An Institutional Investor Sponsored Report on Redefining Fixed income

To view a PDF of the full Fixed Income report, click here.
      

David Riley,
Head of Credit Strategy
BlueBay Asset Management

Vasiliki Pachatouridi,
Fixed Income Product Strategist
iShares, BlackRock

Tom Coleman,
Senior Investment Specialist
Standard Life Investments (SLI)

According to recent research published by Vanguard, which manages the world’s biggest bond mutual fund, global bonds generated median returns of 5.4 percent between 1926 and 2015. In the more recent past, between 1970 and 2015, they returned an even more impressive 7.7 percent.

Until further notice, bonds won’t be generating anything like these returns. At the end of February, the yield on the flagship Barclays US Aggregate Bond Index stood at about 2.2 percent. That yield looked generous compared to those available across large swathes of the sovereign bond market in Europe and Japan. By the end of February, about $7 trillion of bonds globally were trading at negative yields.

In this environment, says David Riley, Head of Credit Strategy at BlueBay Asset Management in London, many investors in Europe have effectively given up on generating income from the core bond markets that used to provide them with such dependable yields. Little wonder that many of these investors, he adds, are looking across the Atlantic for respite. After all, as Tom Coleman, Senior Investment Specialist at Standard Life Investments (SLI) in Boston, points out, in this distorted global environment, 10 year US Treasuries yielding 1.75 percent are increasingly looking like high yielders.

“The average yield on German government bonds is now around zero,” says Gareth Isaac, Fixed Income Fund Manager at Schroders in London. “But there is still plenty of demand from insurance companies and pension funds that have to buy high quality assets for regulatory reasons.”

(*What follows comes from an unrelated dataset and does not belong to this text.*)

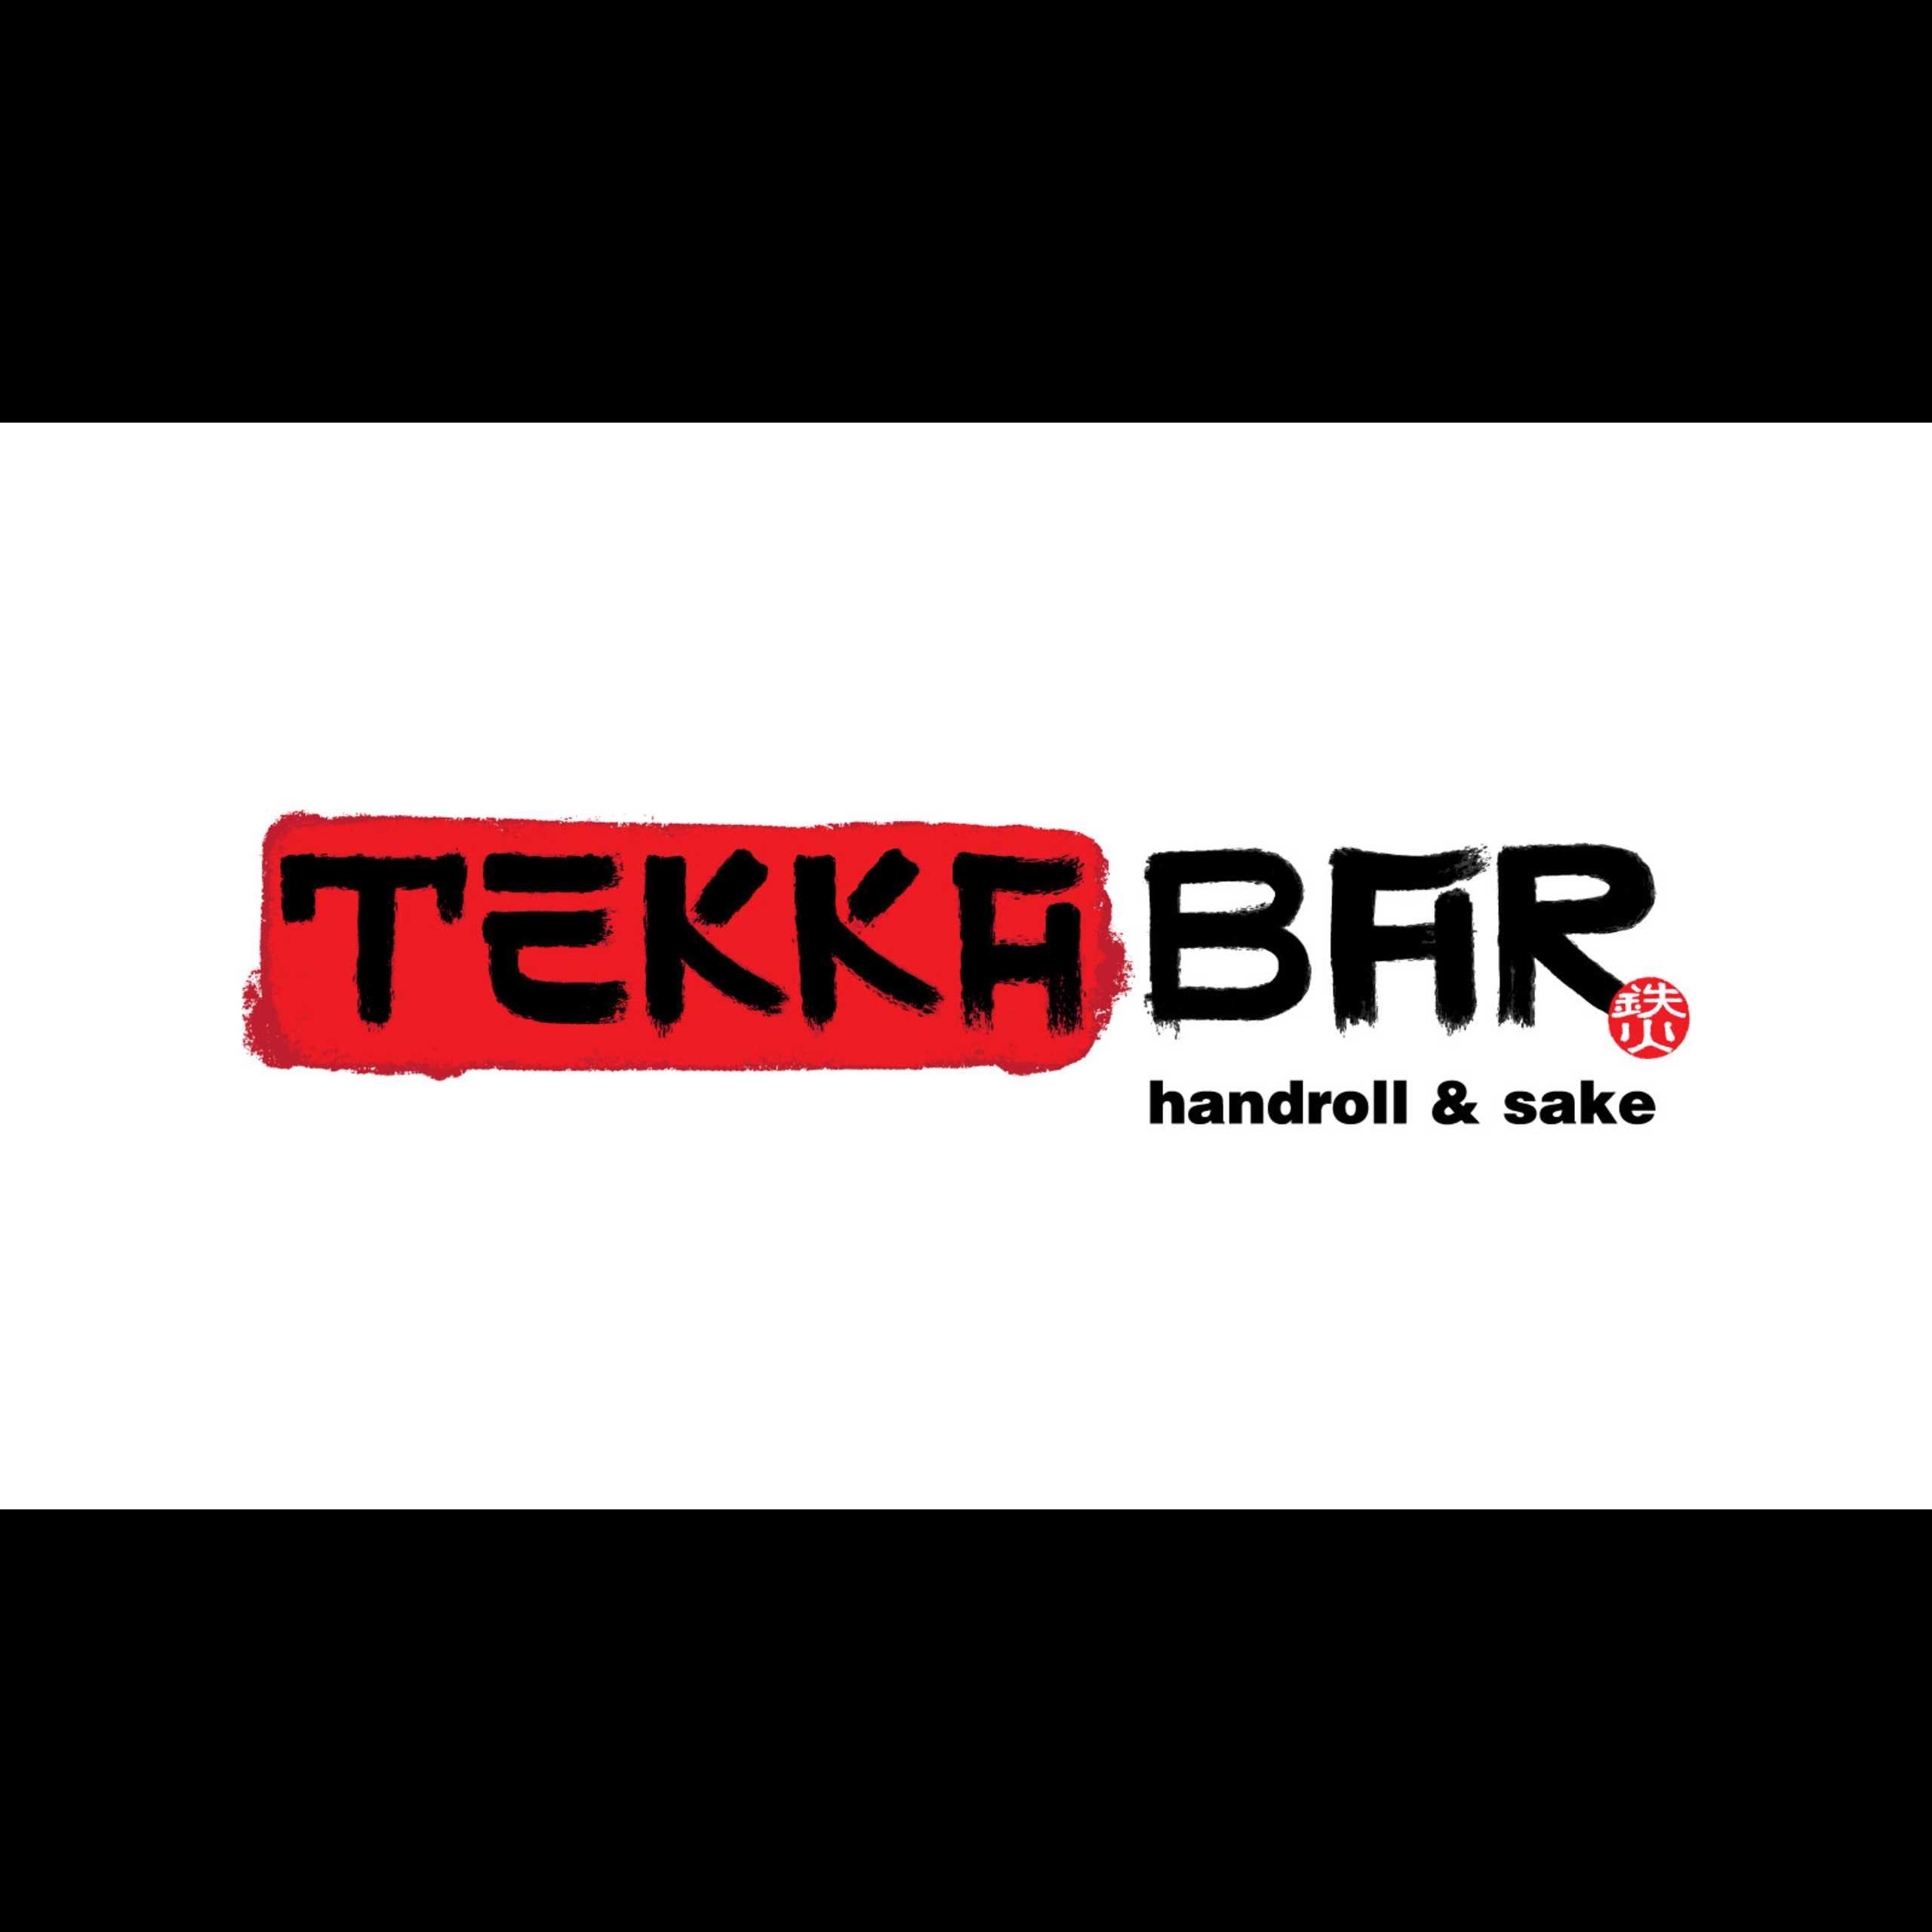 Tekka Bar: Handroll & Sake image 0
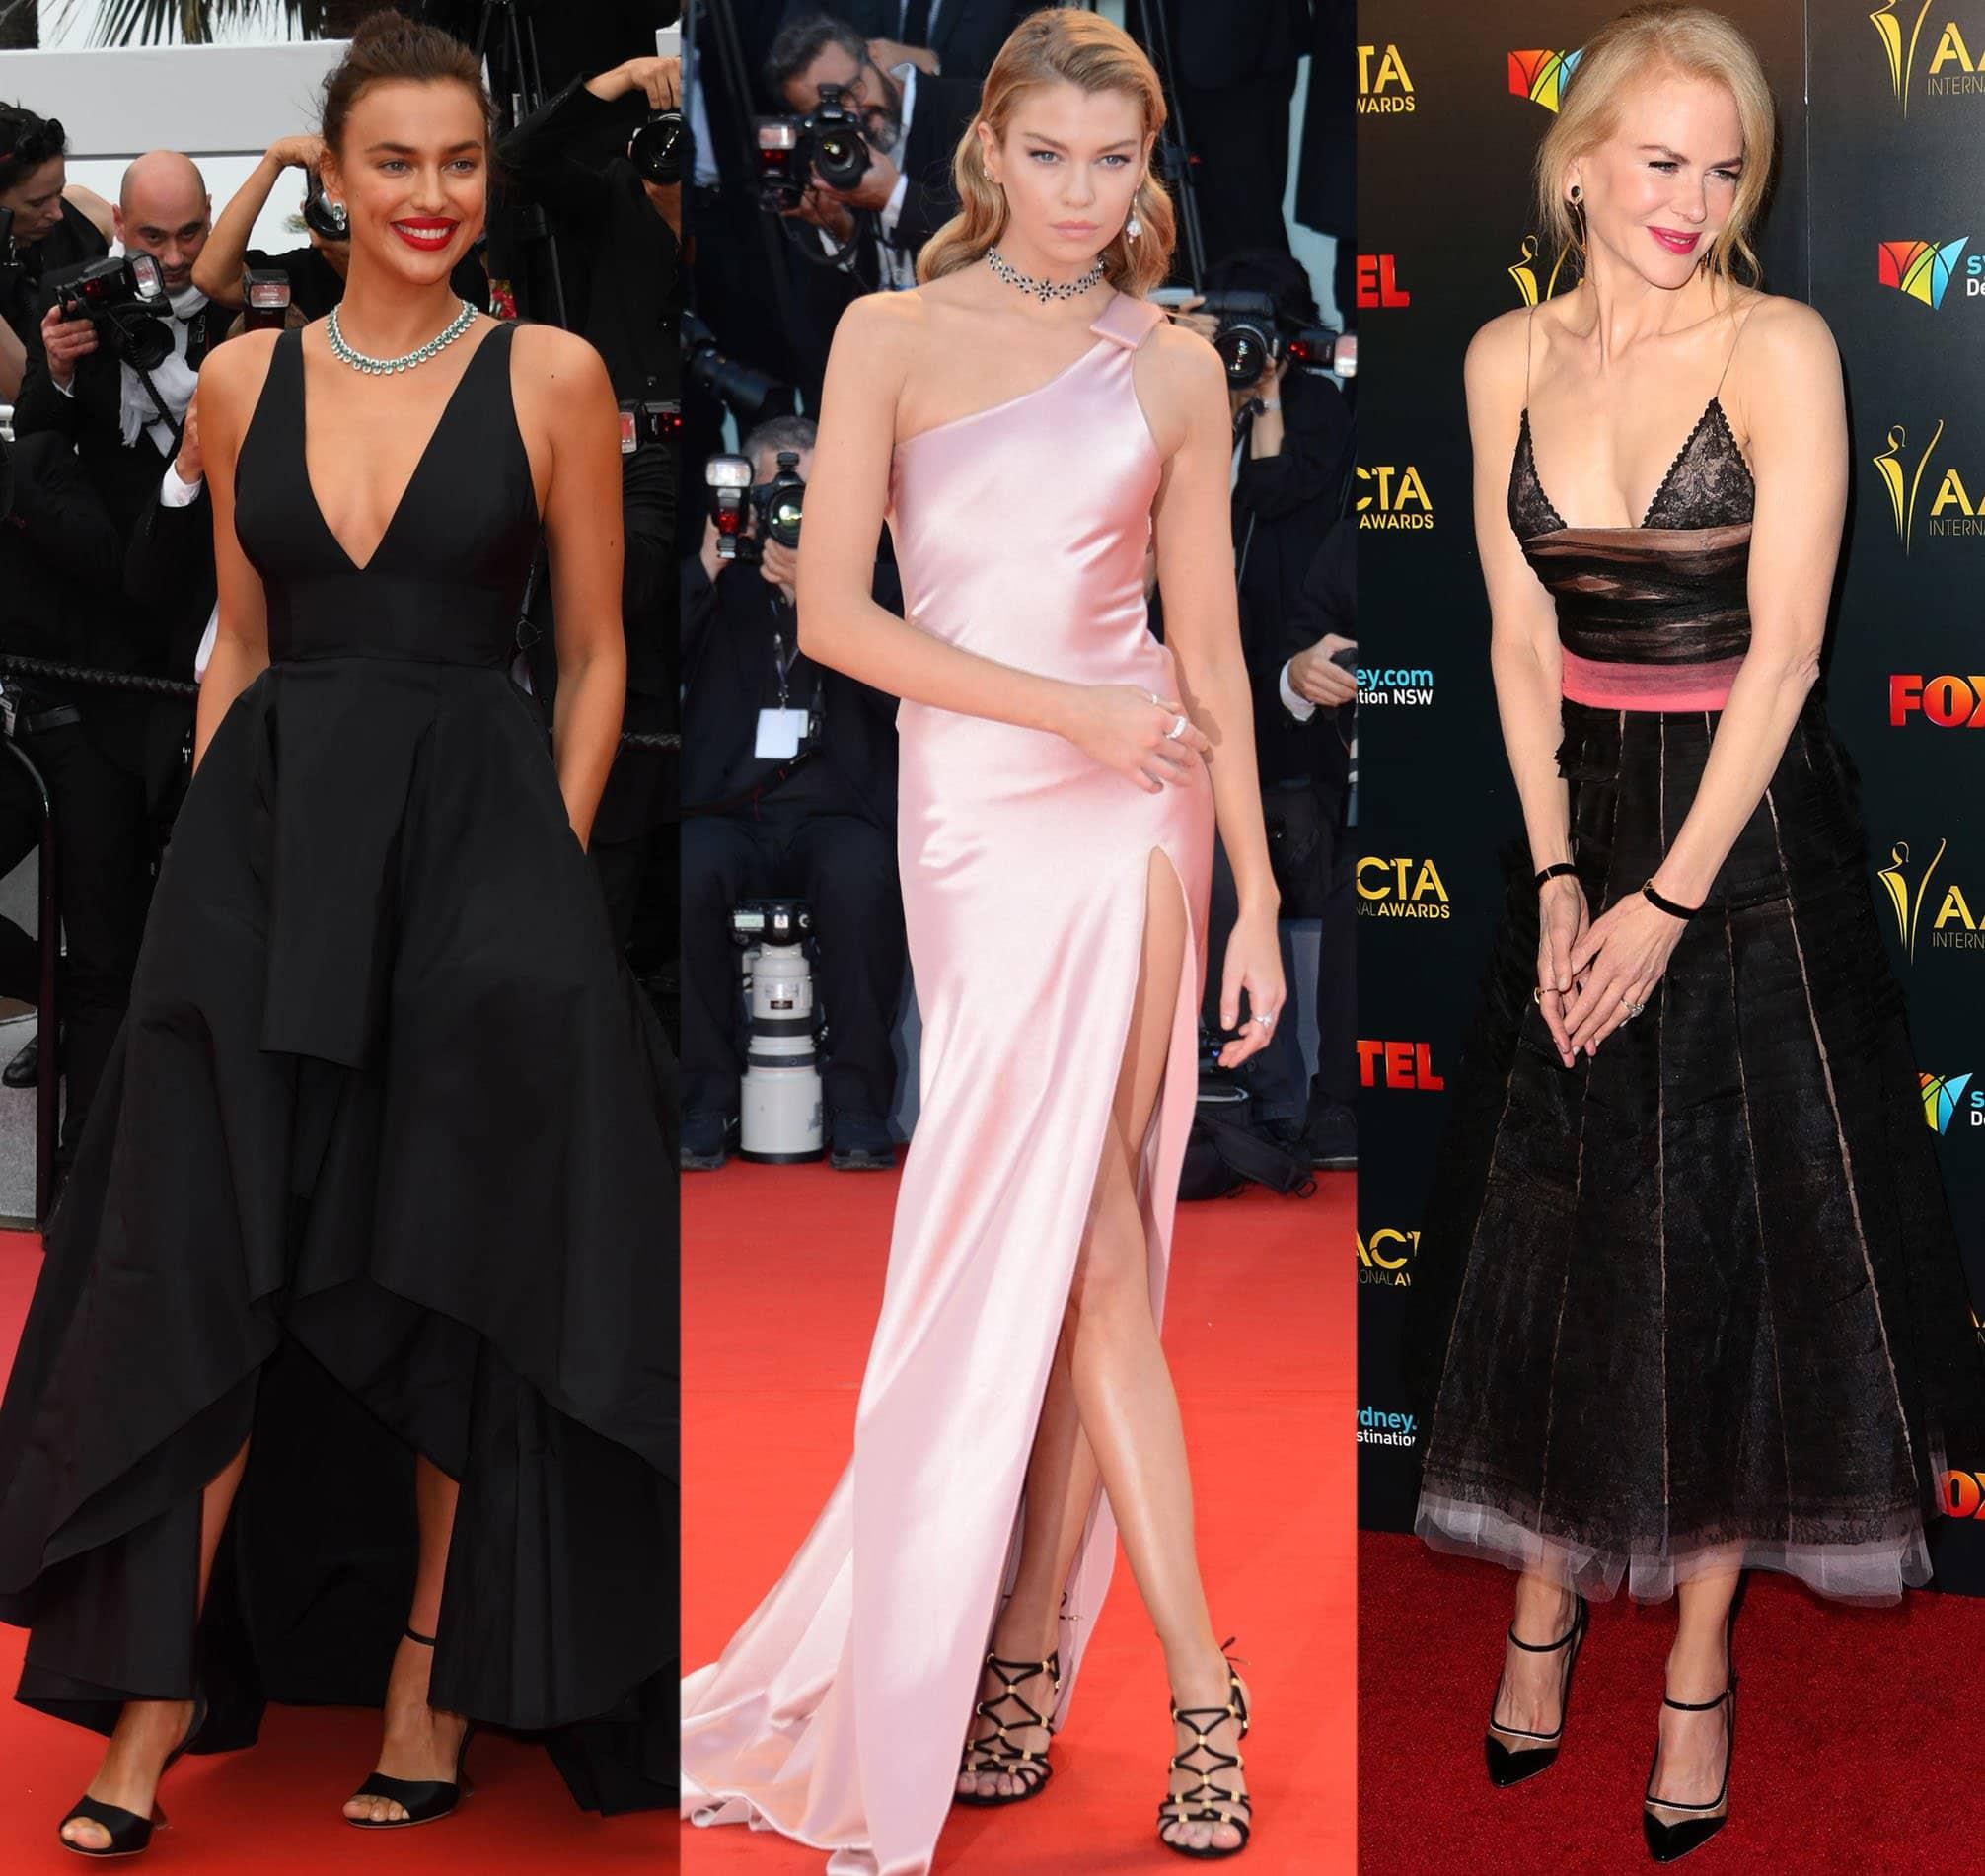 Irina Shayk, Stella Maxwell, and Nicole Kidman sporting Salvatore Ferragamo heels on the red carpet

Some of this demand is also being driven by currency expectations. For international investors, a negative yield on a Japanese government bond does not look quite so unappetizing if it is offset by a 5 percent appreciation in the yen.

At Schroders, Isaac says that he believes the experiment of QE is nearing its end, which will hearten those who say it has conspicuously failed to deliver on its objective of re-igniting growth. Brooks Ritchey, Senior Managing Director, K2 Advisors of Franklin Templeton Solutions says, “It is fair to say that neither Europe nor Japan nor the United States for that matter have seen much of a significant economic recovery post-2008,” says Ritchey in a recent blog.

Whether or not central banks have a Plan B for addressing stagnant growth and the risk of deflation is open to debate. But Schroders’ Isaac believes they will have little choice but to explore alternative options for breathing life into the global economy. “There has been a recognition from central banks that interest rates alone can’t do the job,” he says. “They may now need to move on to the next stage, which could be some form of helicopter drop or expanded infrastructure spending program financed by government debt.”

Either way, says Isaac, the likely consequence would be rising yields as the supply-demand dynamic in government bond markets shifts, which would increase the risk of benchmarked investors sustaining losses.

This would also suggest that inflation is likely to pick up from its current lows, but not by enough to turbocharge interest rates to anywhere near the levels of the 1980s and 1990s.

By happenstance or design, institutional investors have already gone some way towards readjusting their asset allocation to address the lower for longer challenge. At a global level there has been a long-term diversification away from fixed income among pension funds, for example. According to data published by Towers Watson Willis in February, over the last 20 years pension funds in Australia, Canada, Japan, the Netherlands, Switzerland, the UK and the US (which account for over 90 percent of global pension fund assets) have collectively reduced their fixed income exposure by 7 percent. Over the same period, their allocation to alternative assets--led by real estate, but also including hedge funds, private equity and commodities--rose from 5 percent to 24 percent. Among US pension funds, this allocation increased from 17 percent to 27 percent.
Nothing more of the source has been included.